Emit the data below verbatim, stripping out any pictures.

----- Information shown

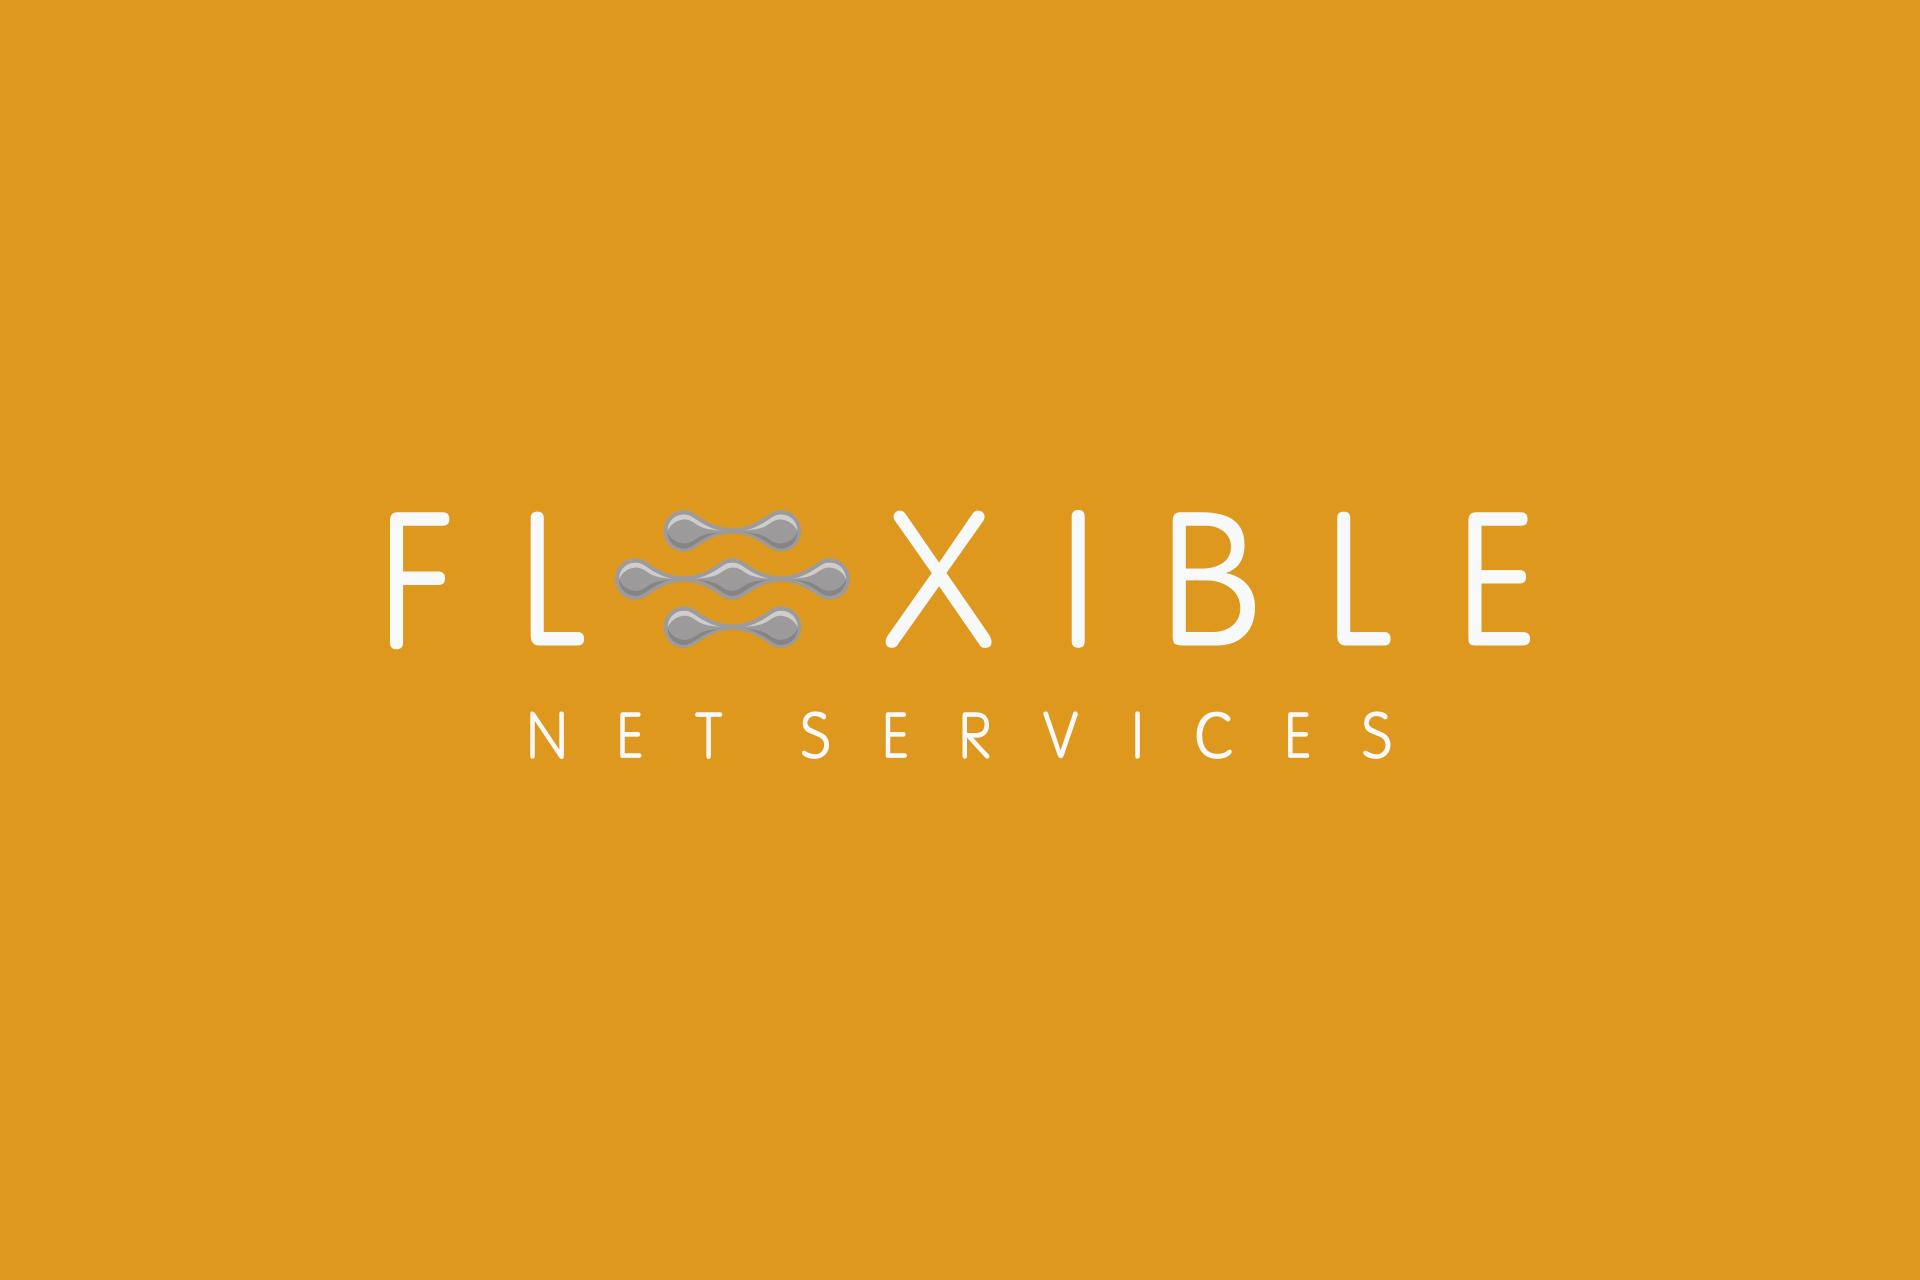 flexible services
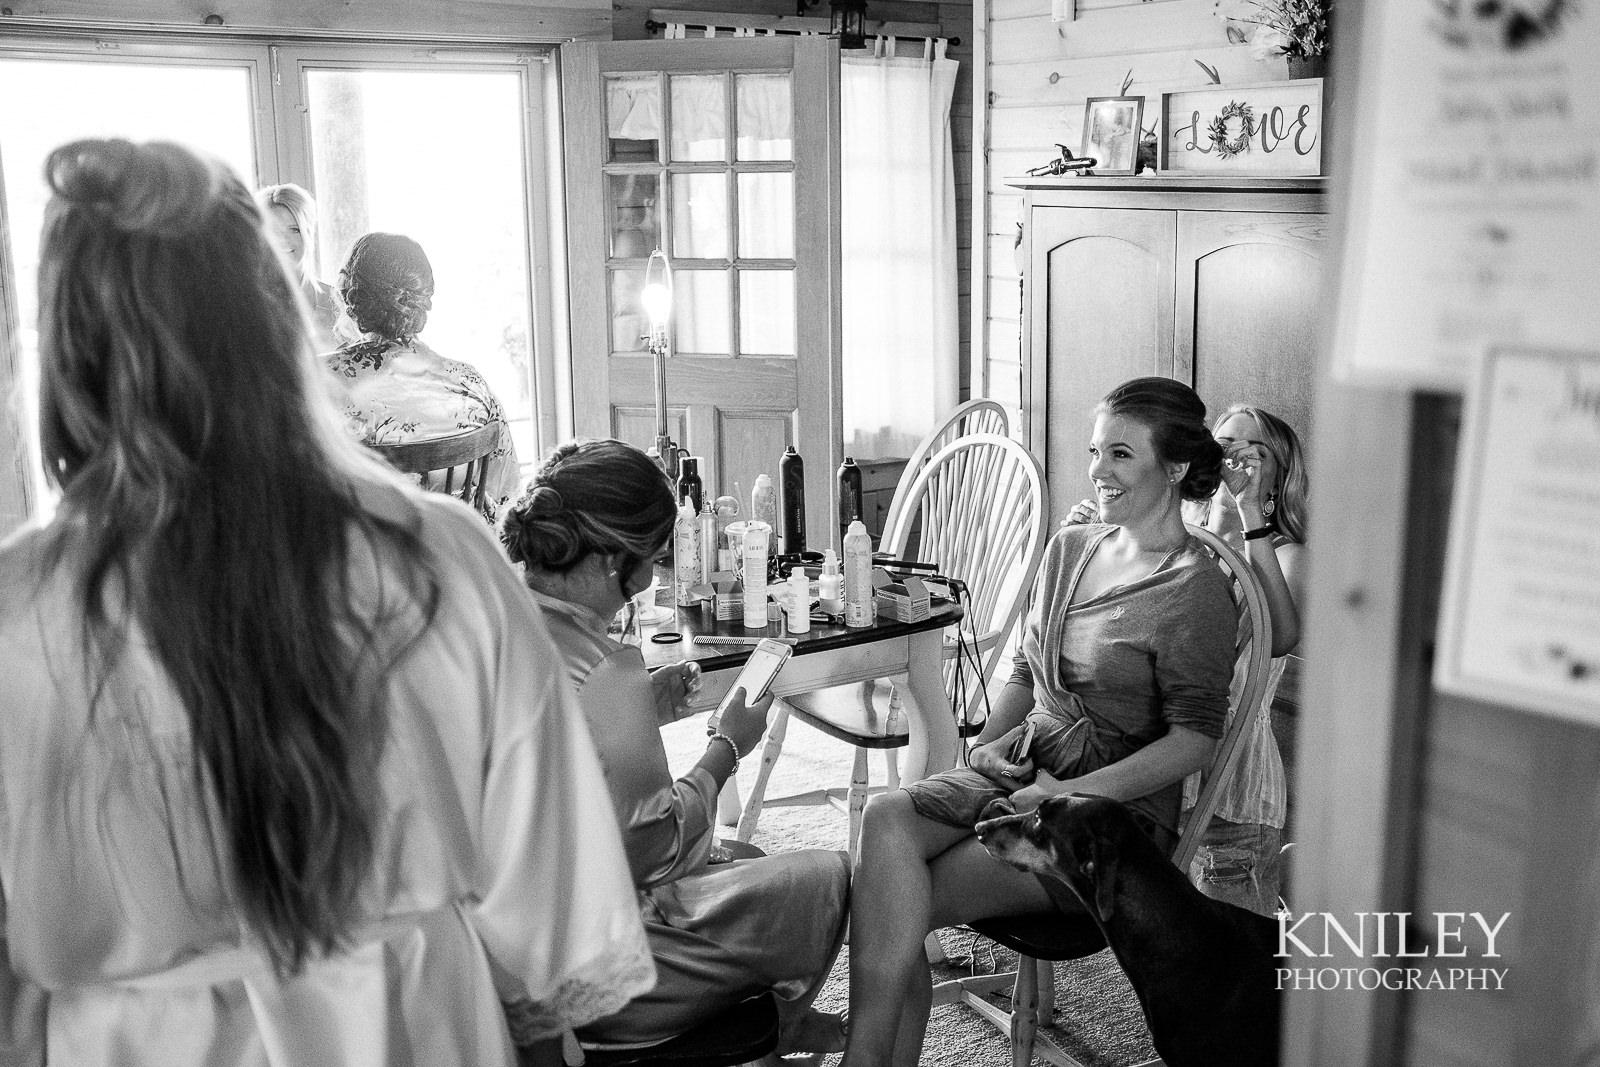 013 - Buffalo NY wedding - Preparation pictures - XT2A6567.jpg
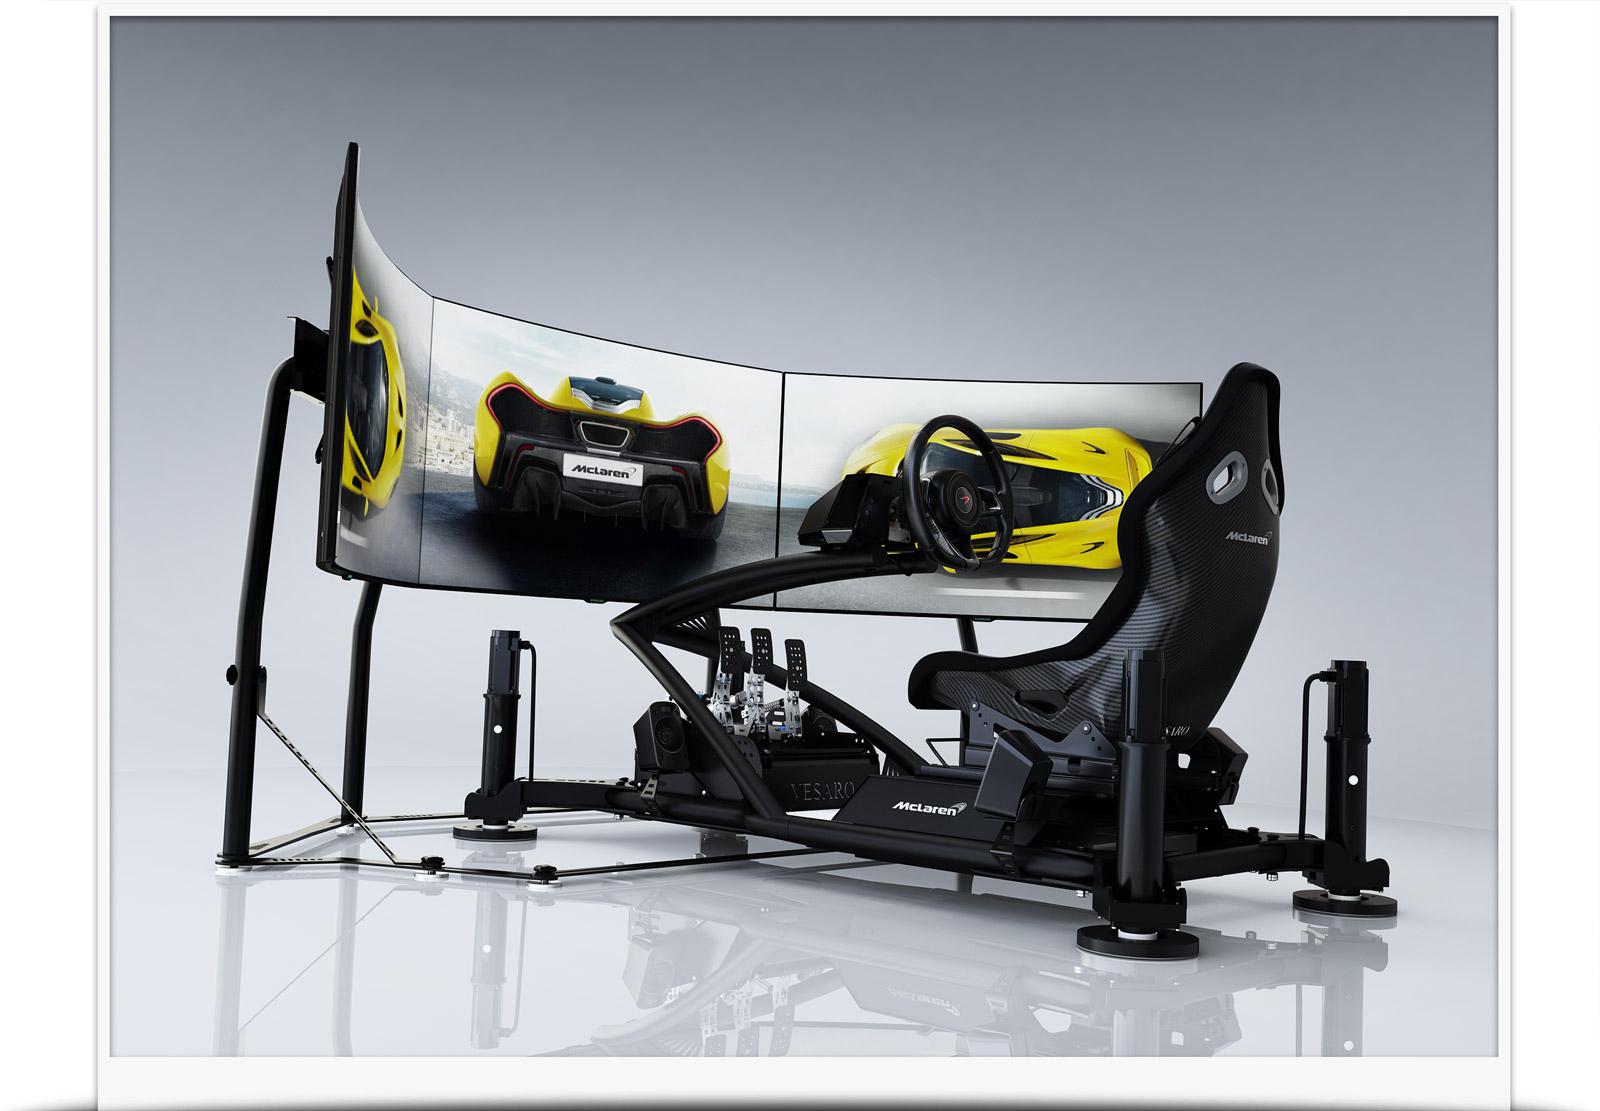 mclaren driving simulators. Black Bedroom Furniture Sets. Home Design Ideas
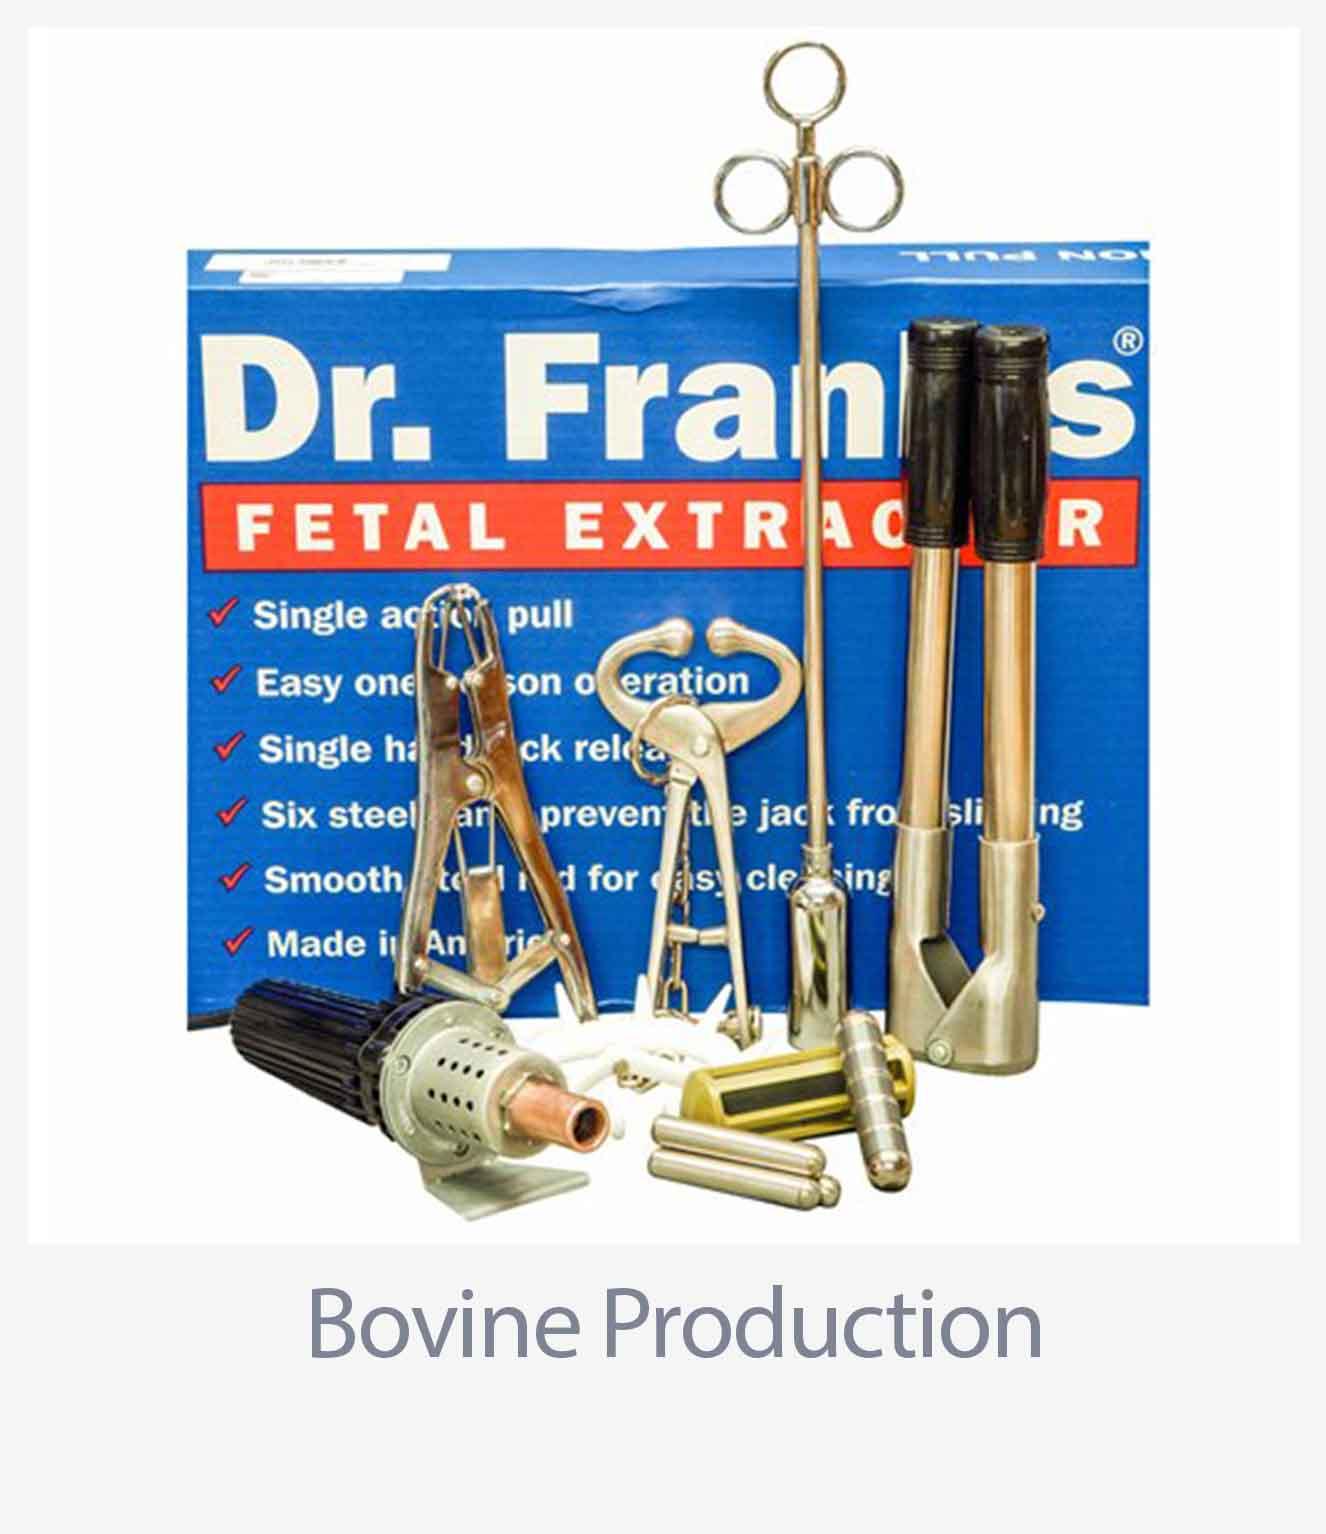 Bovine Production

----------

Answer area:
 flexible services
 013 - Buffalo NY wedding - Preparation pictures - XT2A6567.jpg
 mclaren driving simulators. Black Bedroom Furniture Sets. Home Design Ideas
 Bovine Production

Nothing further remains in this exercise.